It is a catho.... wait a minute. I've never seen this before but I'm going to take a stab at it. What I CAN tell you is that it is kind of like a cathode follower, in that it is a grounded plate stage with a DC grid bias formed via a voltage divider (via the 1M/220K resistor from the B+ to ground). But, there is no AC signal at the grid. However there is an AC signal present at the cathode. Usually, when the grid is held at a steady voltage and signal is driven into the cathode, the grid is often grounded and it shields the cathode from the plate's capacitance charicteristics and extends the HF bandwidth (so on and so forth...). This type of stage is called a grounded grid. However the signal would be taken off of the output of the plate, so it would have some load impedance and not be AC grounded like it is in this stage. When looking at the cathode in this circuit, there are actually several AC signals present at this input. I only took a quick look but there are active filter networks via some negative feedback, so if I had to guess... This is a mixing circuit, with the balancing happening as each signal modulates cathode current?
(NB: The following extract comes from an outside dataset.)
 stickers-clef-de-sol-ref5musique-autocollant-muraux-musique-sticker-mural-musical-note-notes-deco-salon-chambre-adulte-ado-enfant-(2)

*also, a grounded grid stage would have to be driving from a low impedance source, and these are NOT low impedance signals,


Edit: I read the schematic wrong here. See beliw.
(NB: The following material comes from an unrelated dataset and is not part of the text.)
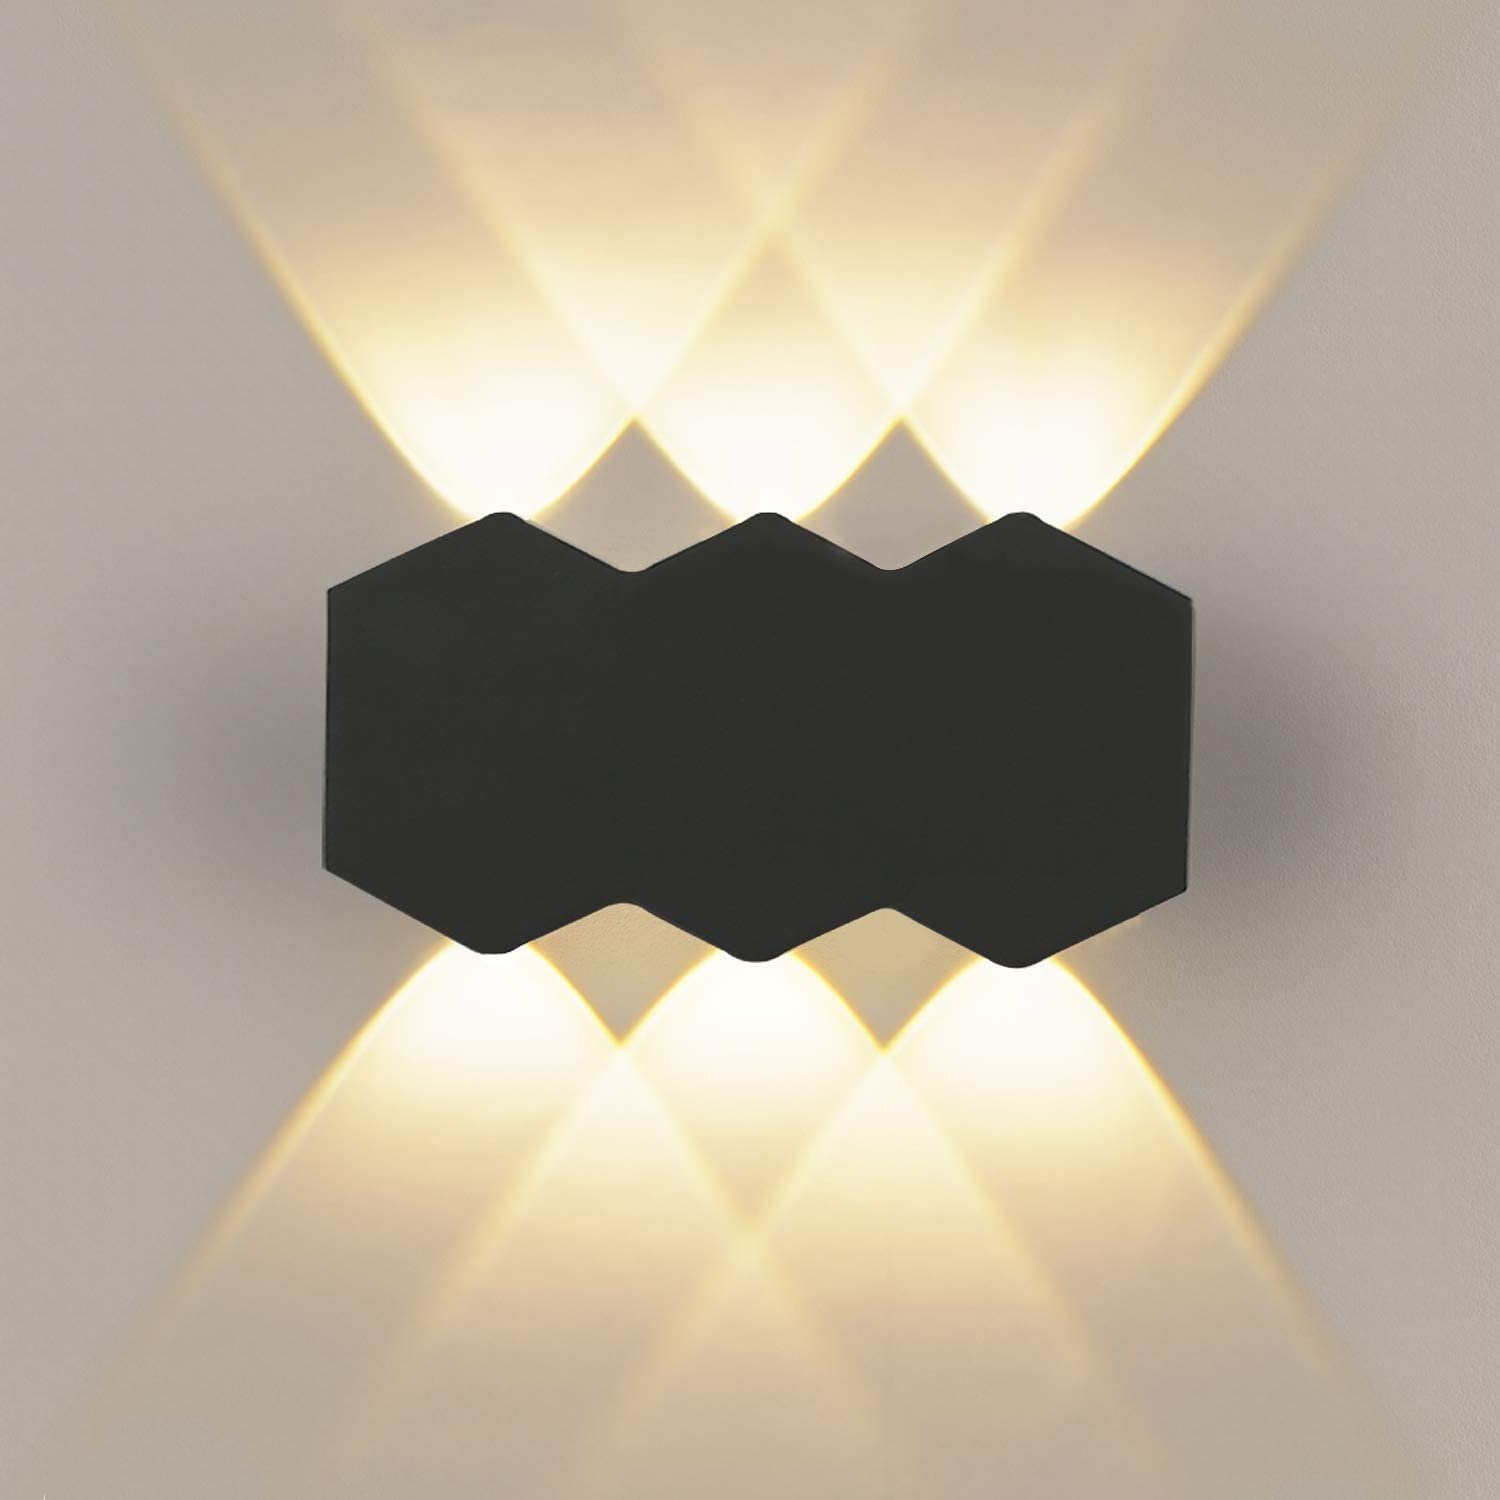 Design Wandlampe Strahler Flur Wandleuchten Wohn Zimmer Wand Lampen Aluminium

One way to look at it is that the CF triode is providing a ‘regulated’ DC voltage level to bias the LTP. But the 100k resistor to grid 1 of the LTP (compared to the 1M on the other grid) means that there is influence on the AC signal, as SoulFetish suggests. The low impedance at the cathode of the CF would make it harder to overdrive the LTP.

So, might this be a part of the "Loud & Clean" reputation they have?

Justin

http://music-electronics-forum.com/t39917/

I asked this question last year. Lots of good info up there and it was speculated that you could achieve the same thing using a potential divider from the B+ rail.
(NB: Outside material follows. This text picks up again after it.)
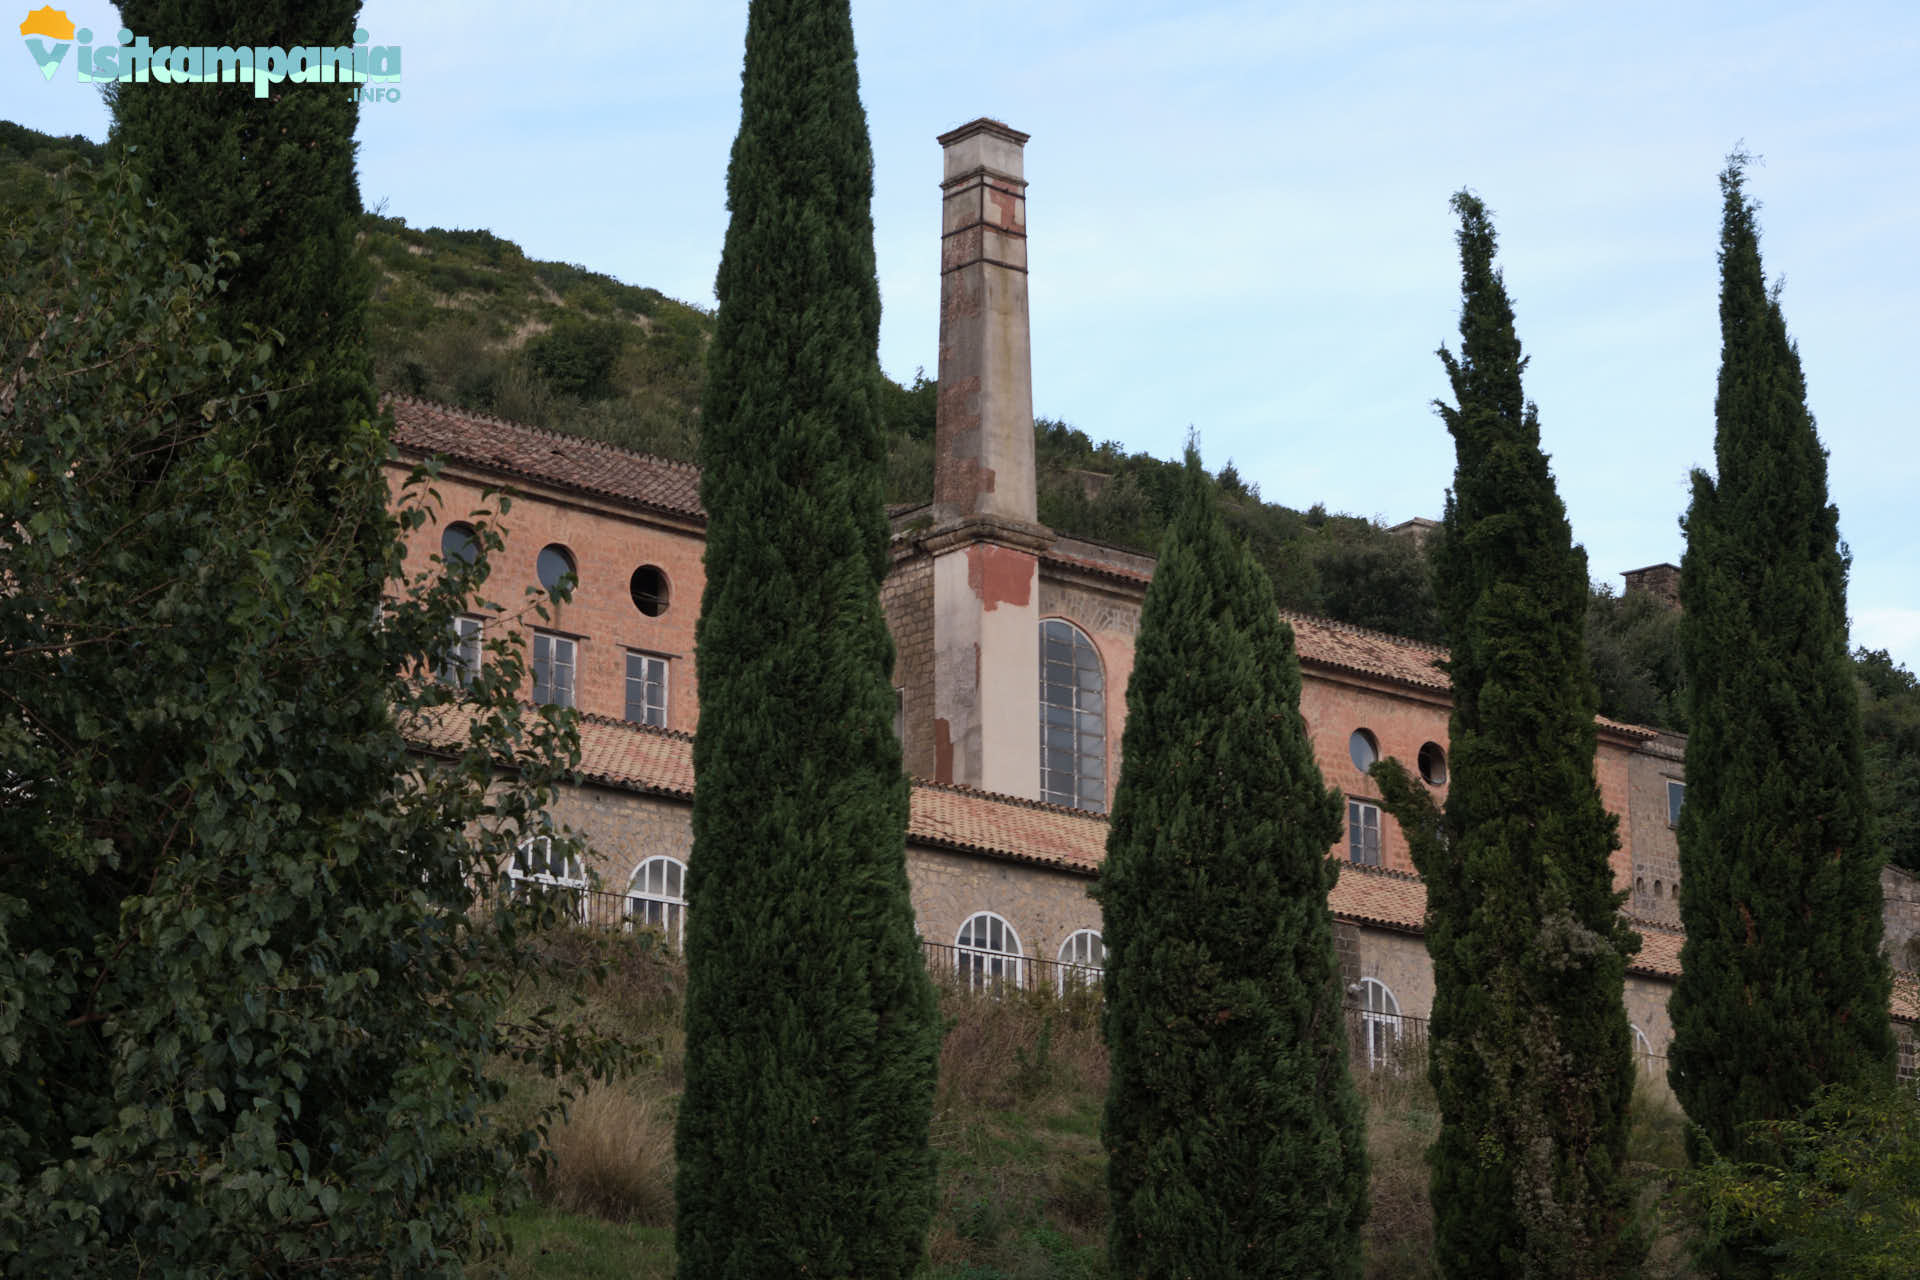 Real Belvedere di San Leucio, die Spinnerei und die Coculliera

Isn't it a voltage source? Providing fixed bias to the PI?

Notice that it has low current through it. While it is within its linear range it steals drive from the PI by loading the previous stage, as a result of its low output impedance. But as the drive increases it saturates in one direction, and turns off in the other. In either of those states it no longer has a low impedance; this effectively increases the gain of the stage driving the PI, since it is no longer loaded down. It might compensate for a non linear response in the output stage.

I was thinking about it for a moment after I posted. And these guys are right. Normally you would take advantage of an opportunity to bootstrap and bias this type of phase inverter for a very high impedance. This way definitely loads down the previous stage

Thanks for the replies. So, it's a fixed bias LTP... Very clever. Fryette uses an AT7 forma PI Driver of sorts in a Deliverance 120, but I haven't seen a schematic. Fryette amps are referred to as Hiwatt like.

I like the idea of this, but I don't think the previous stage could provide enough output voltage swing to get the CF out of its linear range. The resistance to ground seen at the cathode of the CF is only about 620 ohms. Combining that in a potential divider with the 100k resistor (going to grid 1 of the LTP PI) means that an output swing of 162V from the driving stage would be needed to move the cathode voltage of the CF by just 1V.

Then i think we need to throw a pentode in between them and drive it to the rails.

So an argument in favor of voltage stability? Better than what you'd get with a conventional tail resistor?

Oh, i realze now i totally saw connections that were not there. It's amazing to watch a circuit change completely in your mind after you move a few connection to where they need to be. Thats what I get for posting at 3 o'clock in the morning when I'm exhausted. I had time to take a second look, And I realize I read this wrong. (I friggin' always do that!) Anyway, the active tone control doesnt connect at that point on cathode with the grid leaks. This isnt a mixer at all. It does look like a bias circuit for the most part with active balancing component (I think)... That sucks though, what I thought was happening seem more interesting though.

The CF seems to supply a stable DC bias voltage to the grids of the PI. But why use a triode in place of a resistive divider with a capacitor to stabilise the voltage? The 100k grid leak on grid 1 of the PI (in series with the low resistance of the CF from cathode to ground) imposes a heavy load on the driving stage. Also, there is the signal through the presence pot in the mix.

Why have AC coupling into the PI, but a fixed bias scheme (instead of cathode bias) on the PI?

The CF holds its cathode voltage nearly constant due to its configuration derived feedback, yes, but it must sink/supply the current that allows this to happen. Since its bias current is low its runs out of current swing, going into shut off or saturation well before the previous stage runs out of voltage swing. When this happens, its output impedance is high, and so the loading on the previous stage is decreased and the gain into the PI increases.